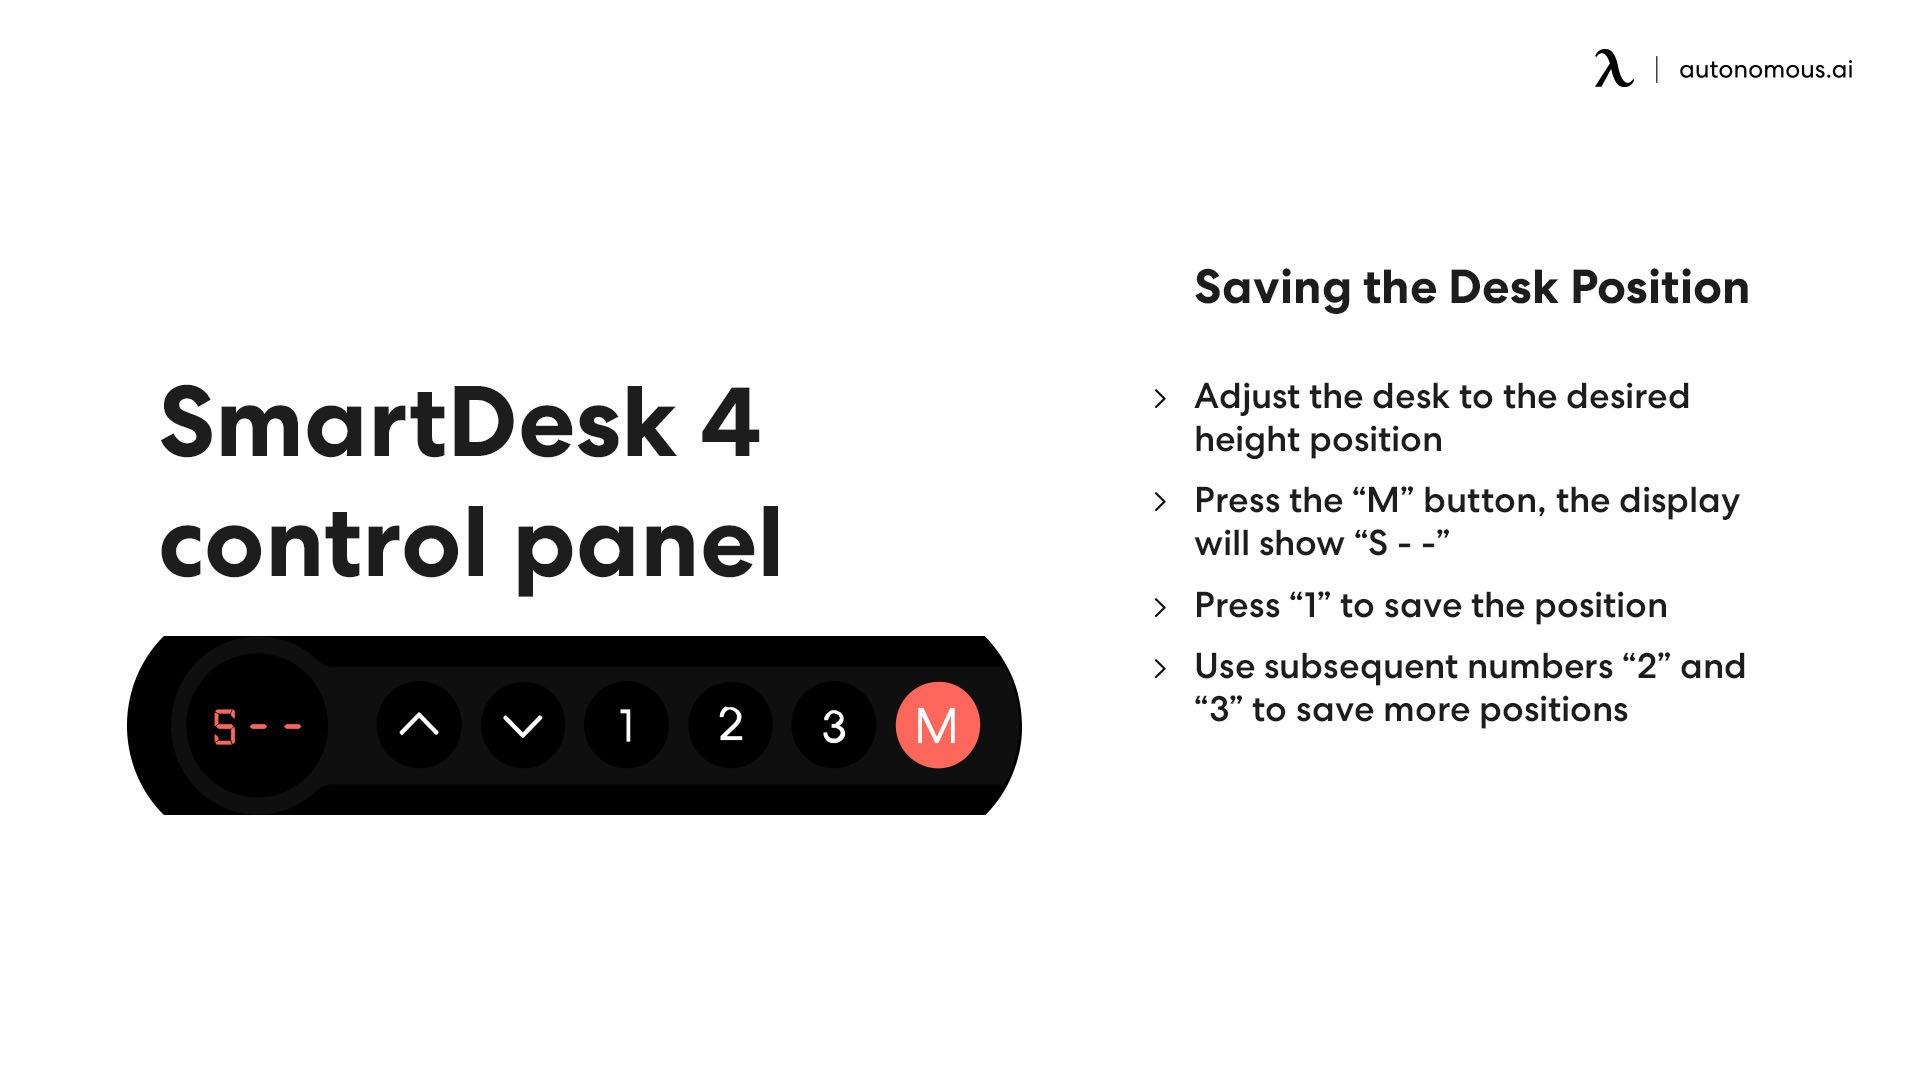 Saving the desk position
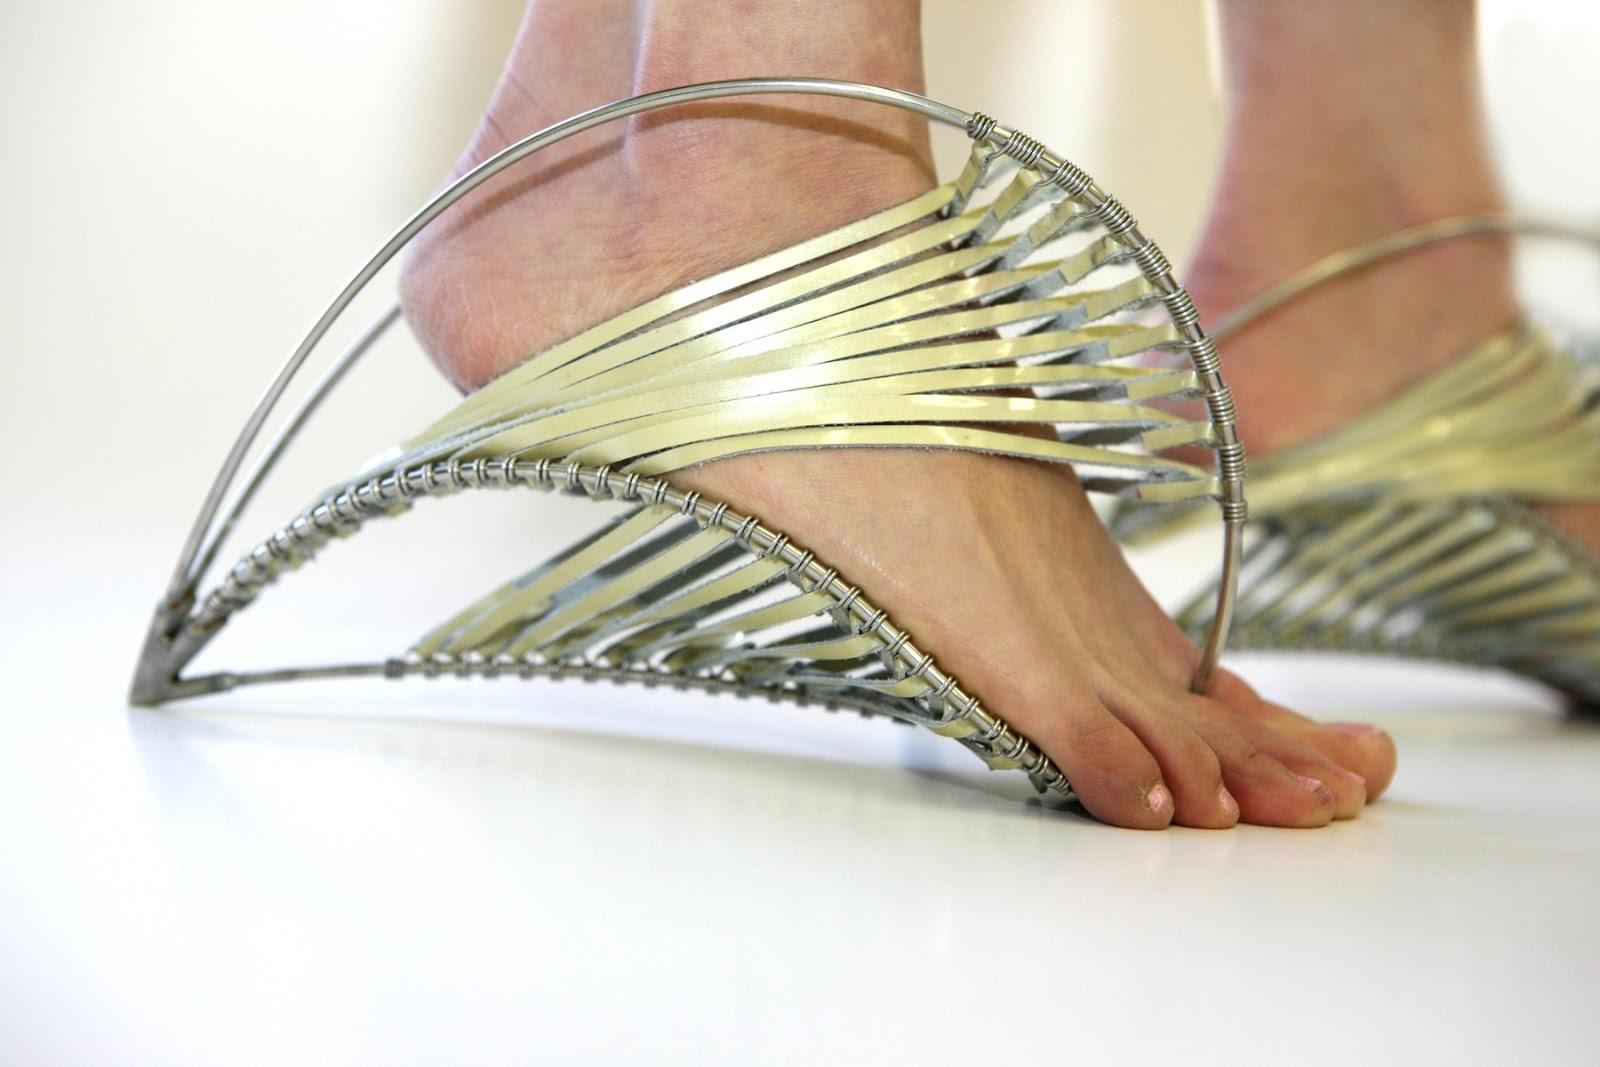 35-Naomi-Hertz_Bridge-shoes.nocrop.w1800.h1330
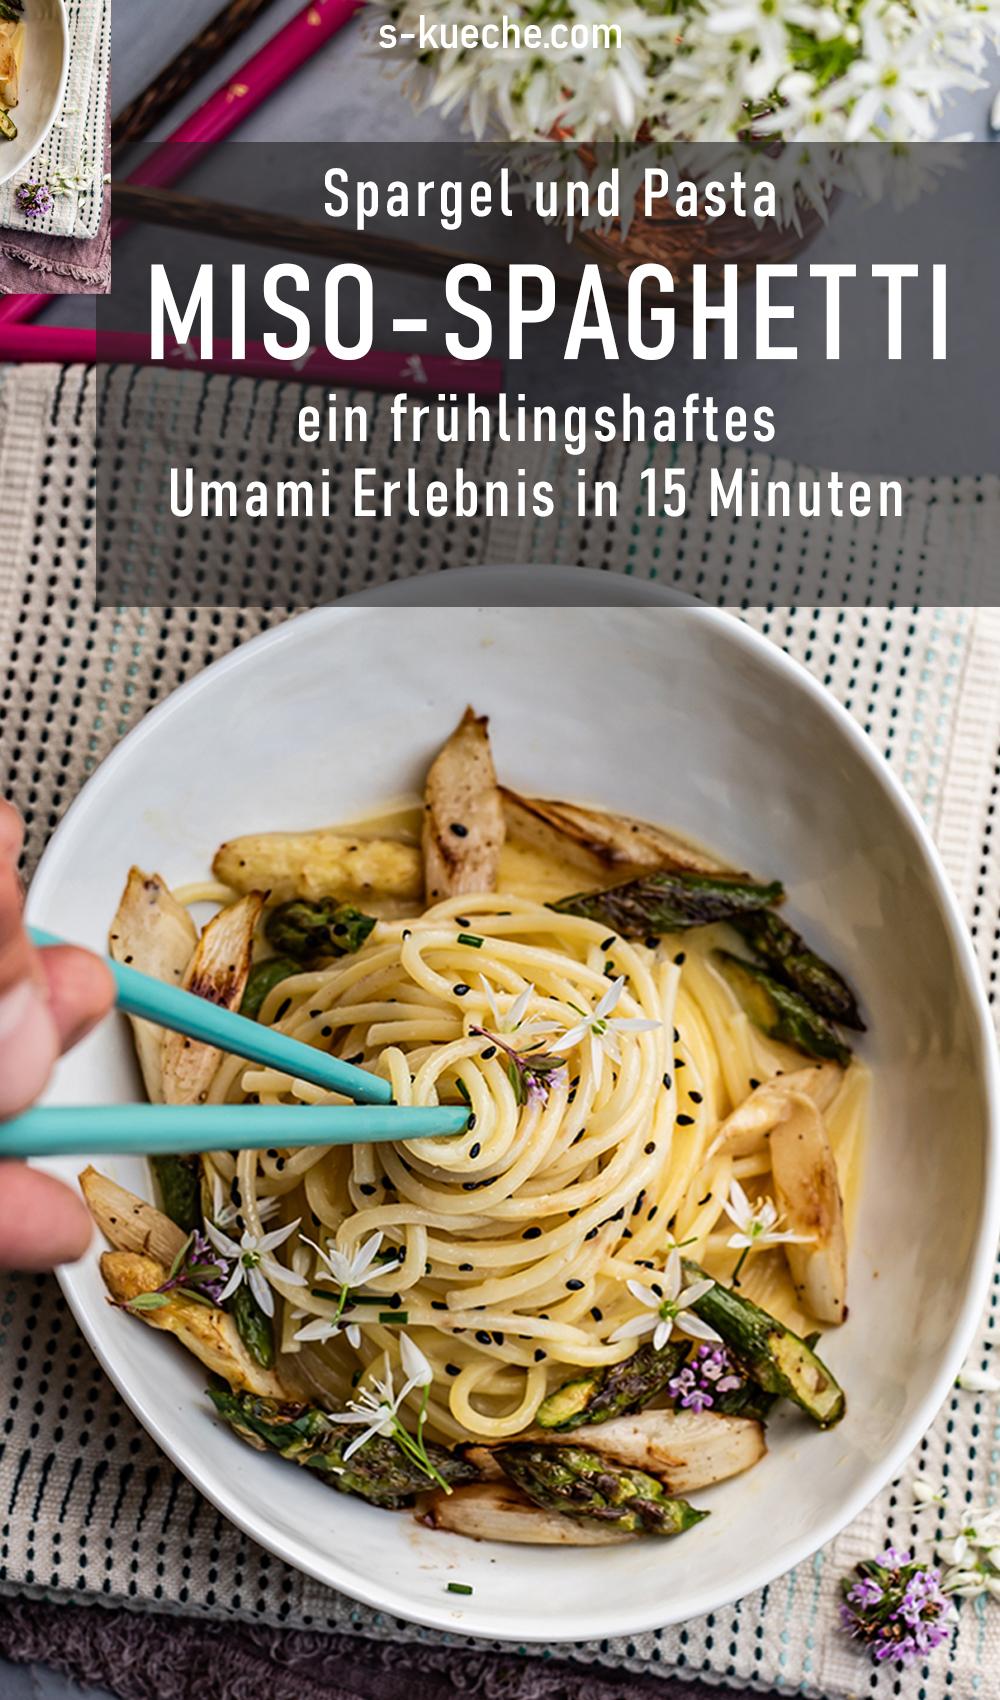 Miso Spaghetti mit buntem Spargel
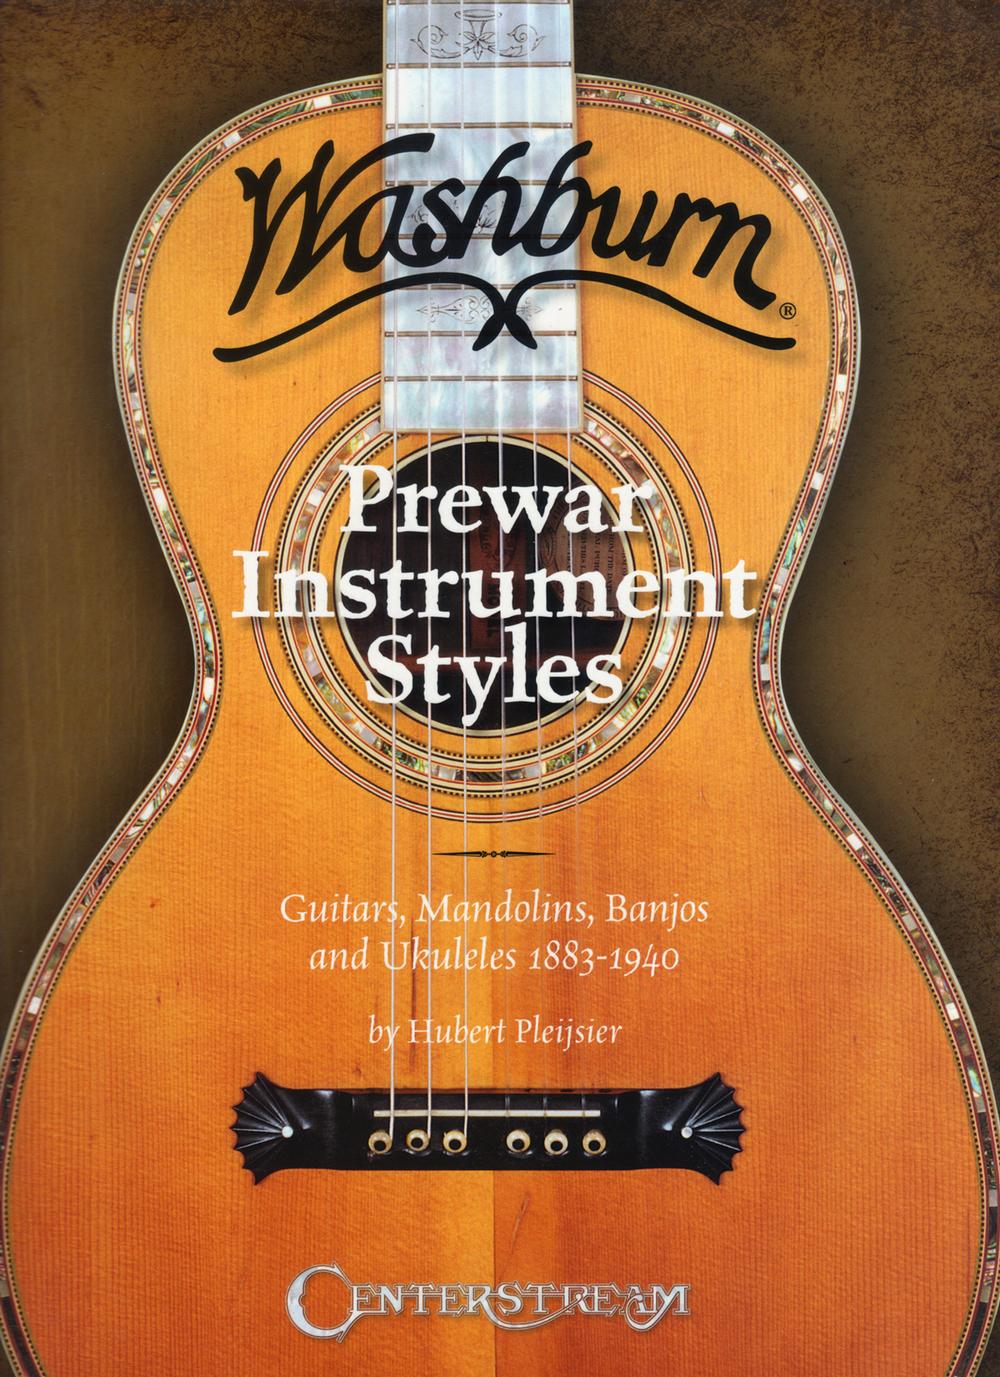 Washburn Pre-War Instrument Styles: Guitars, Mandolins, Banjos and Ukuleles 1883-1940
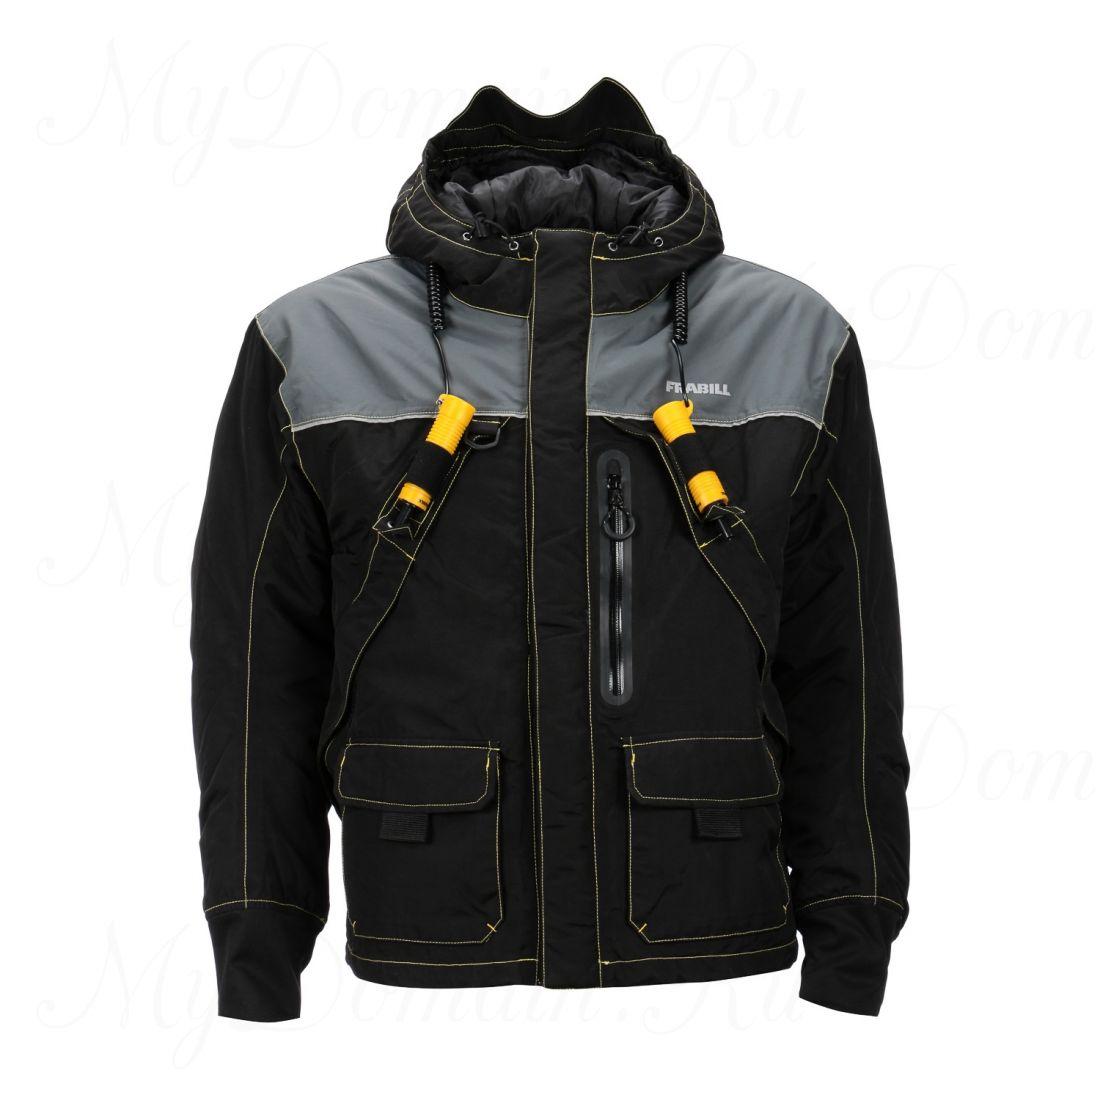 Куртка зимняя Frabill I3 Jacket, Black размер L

▸ Task
Please retype the entries above word for word, but only from the line containing "35-Naomi-Hertz_Bridge-shoes.nocrop.w1800.h1330" through the last line, and without the pictures.

▸ Task output
 35-Naomi-Hertz_Bridge-shoes.nocrop.w1800.h1330
 Miso Spaghetti mit buntem Spargel
 Washburn Pre-War Instrument Styles: Guitars, Mandolins, Banjos and Ukuleles 1883-1940
 Куртка зимняя Frabill I3 Jacket, Black размер L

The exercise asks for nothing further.